:: Information supplied ::

* * *

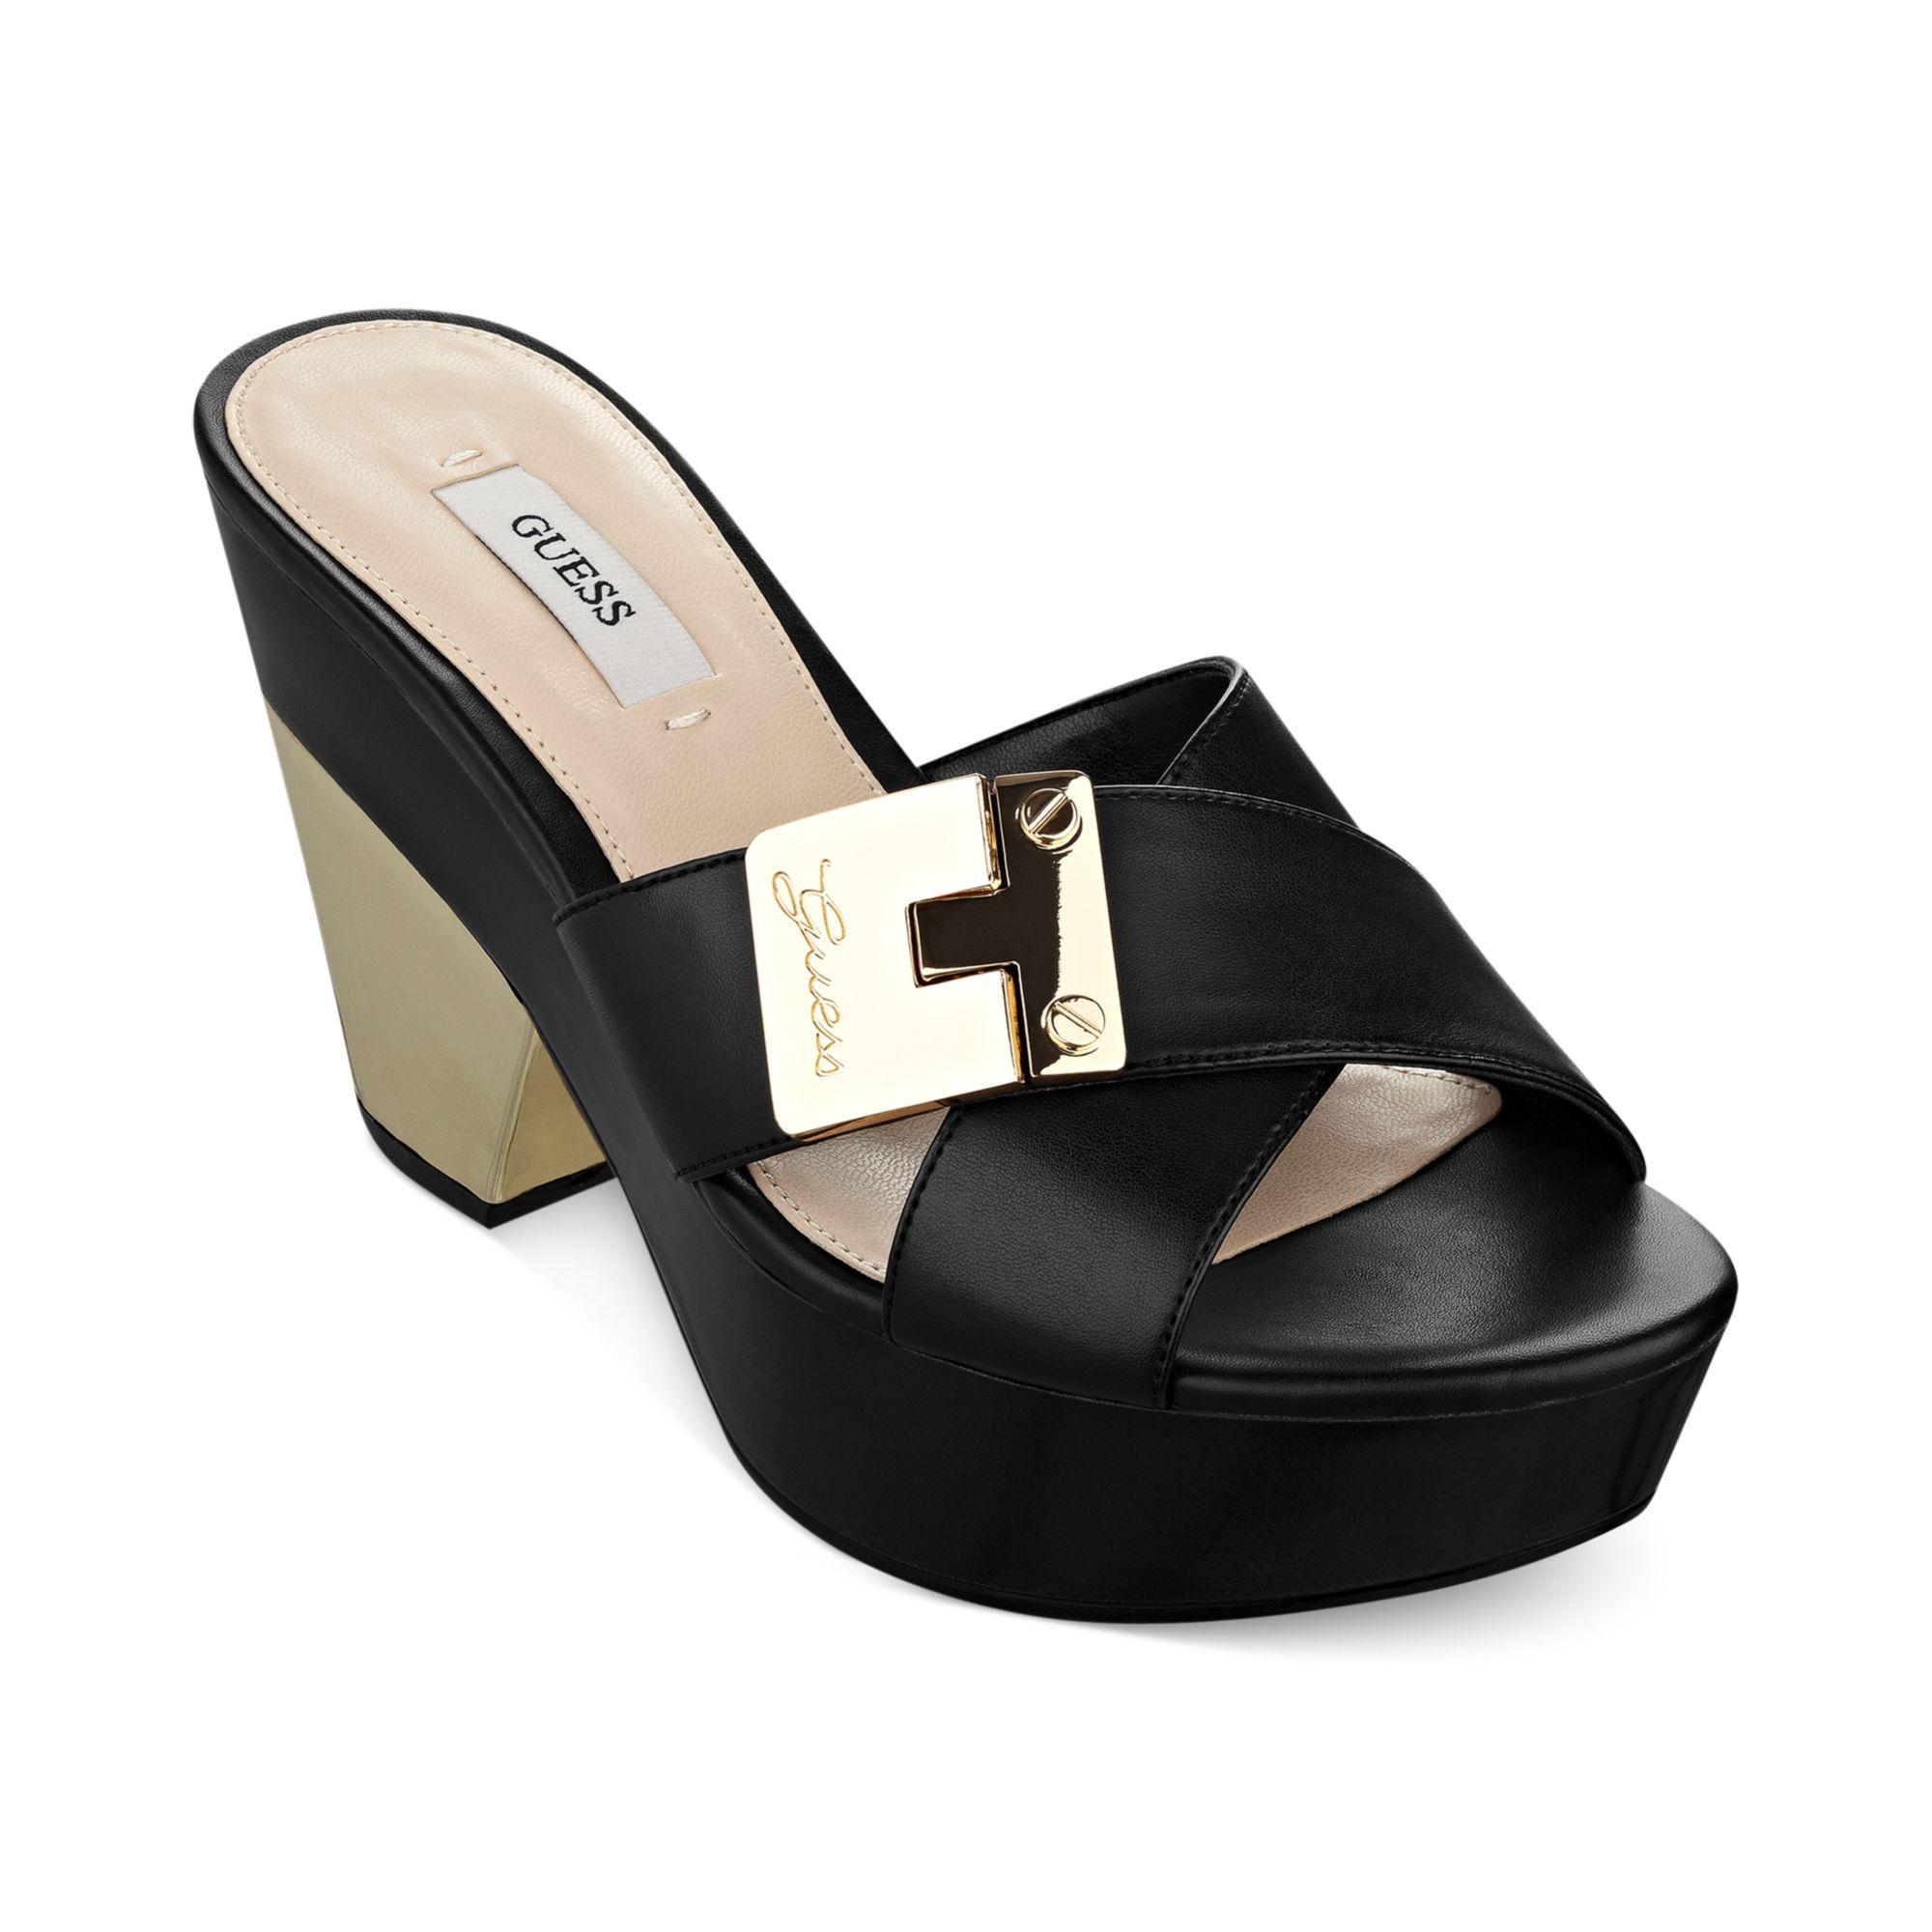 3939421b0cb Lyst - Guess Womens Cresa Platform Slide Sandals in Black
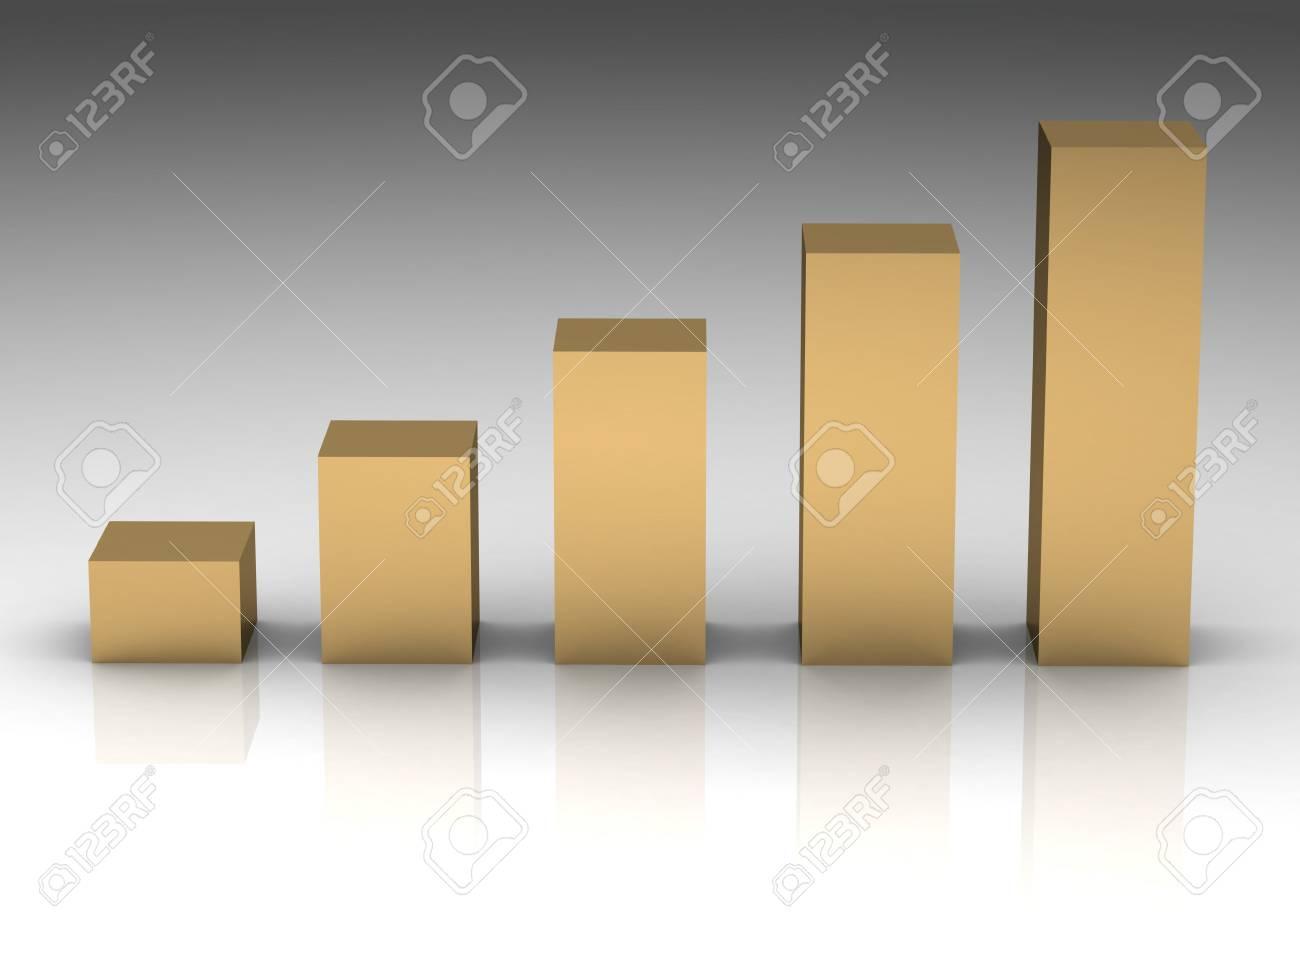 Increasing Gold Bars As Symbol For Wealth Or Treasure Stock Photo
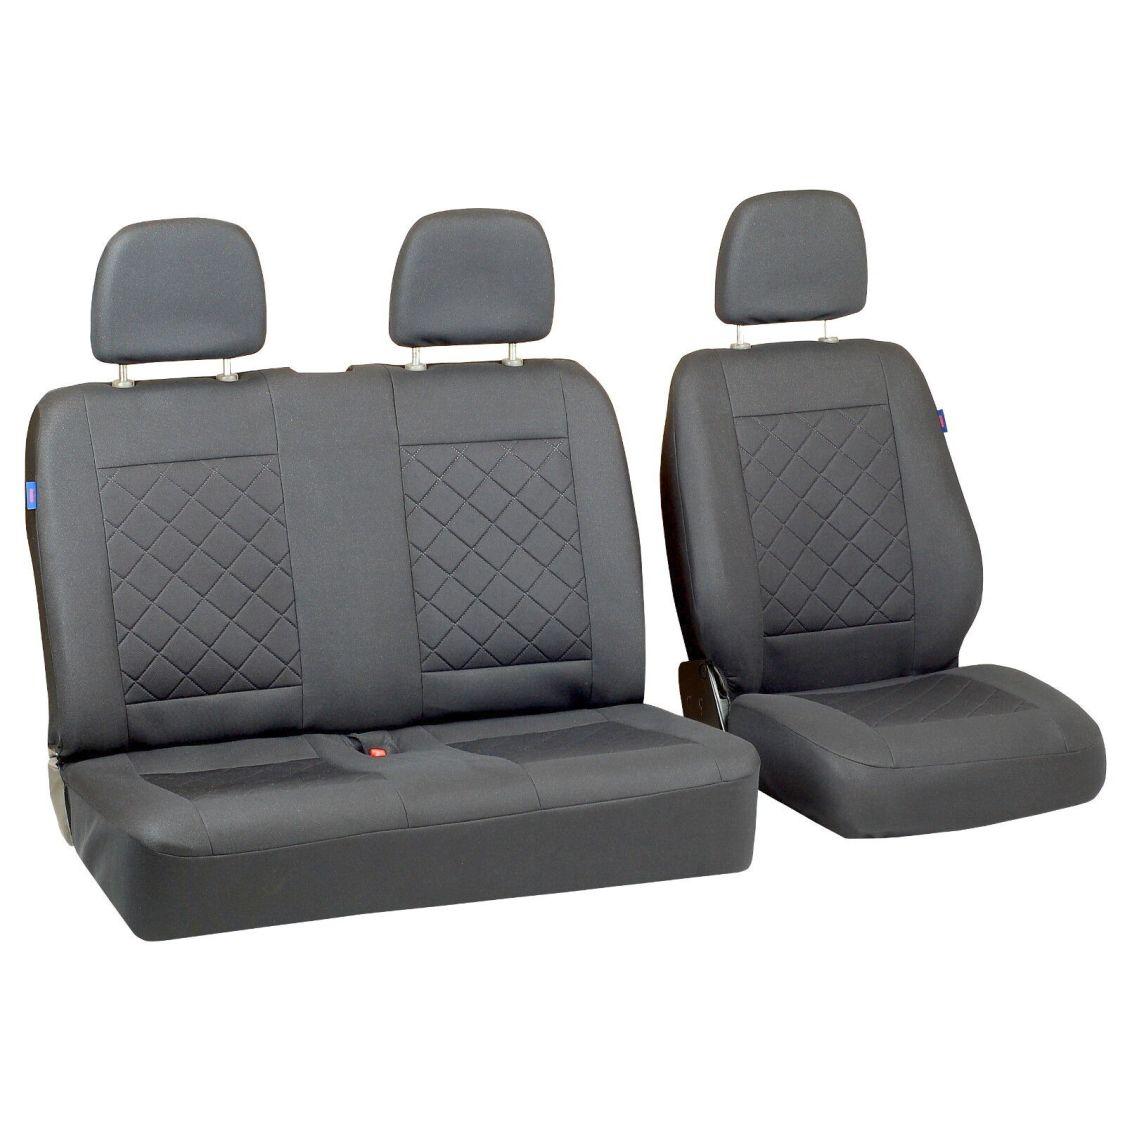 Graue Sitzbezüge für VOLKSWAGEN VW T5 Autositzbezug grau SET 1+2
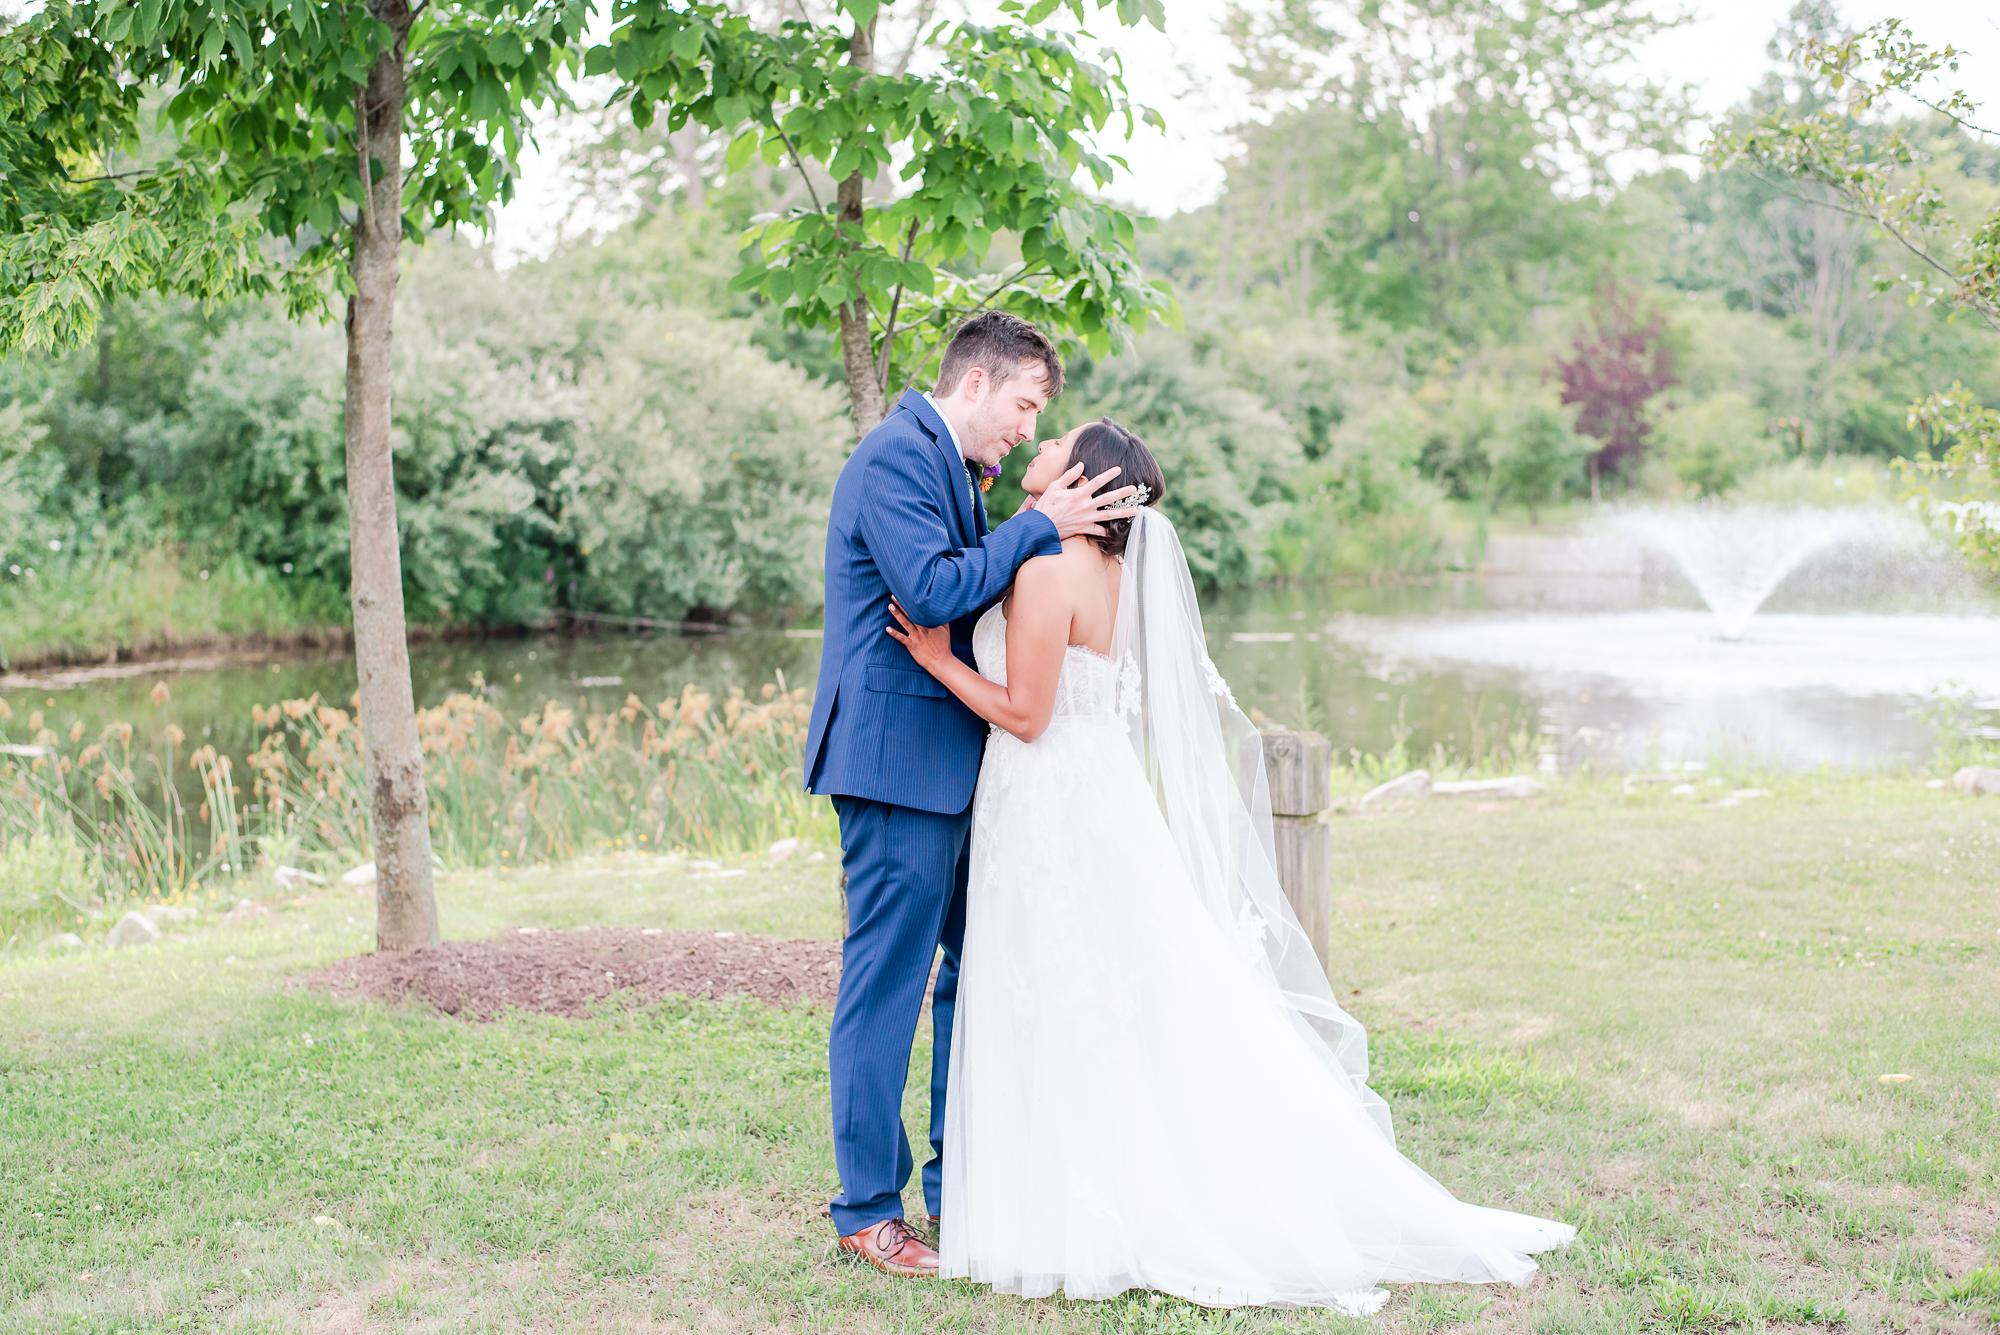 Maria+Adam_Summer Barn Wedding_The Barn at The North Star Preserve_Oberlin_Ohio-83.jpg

* * *

:: What to produce ::
The output consists of exactly the lines from the one containing "Increasing Gold Bars" through the last line of the listing, both included, with no pictures.

:: Response ::
 Increasing Gold Bars As Symbol For Wealth Or Treasure Stock Photo
 Graue Sitzbezüge für VOLKSWAGEN VW T5 Autositzbezug grau SET 1+2
 Maria+Adam_Summer Barn Wedding_The Barn at The North Star Preserve_Oberlin_Ohio-83.jpg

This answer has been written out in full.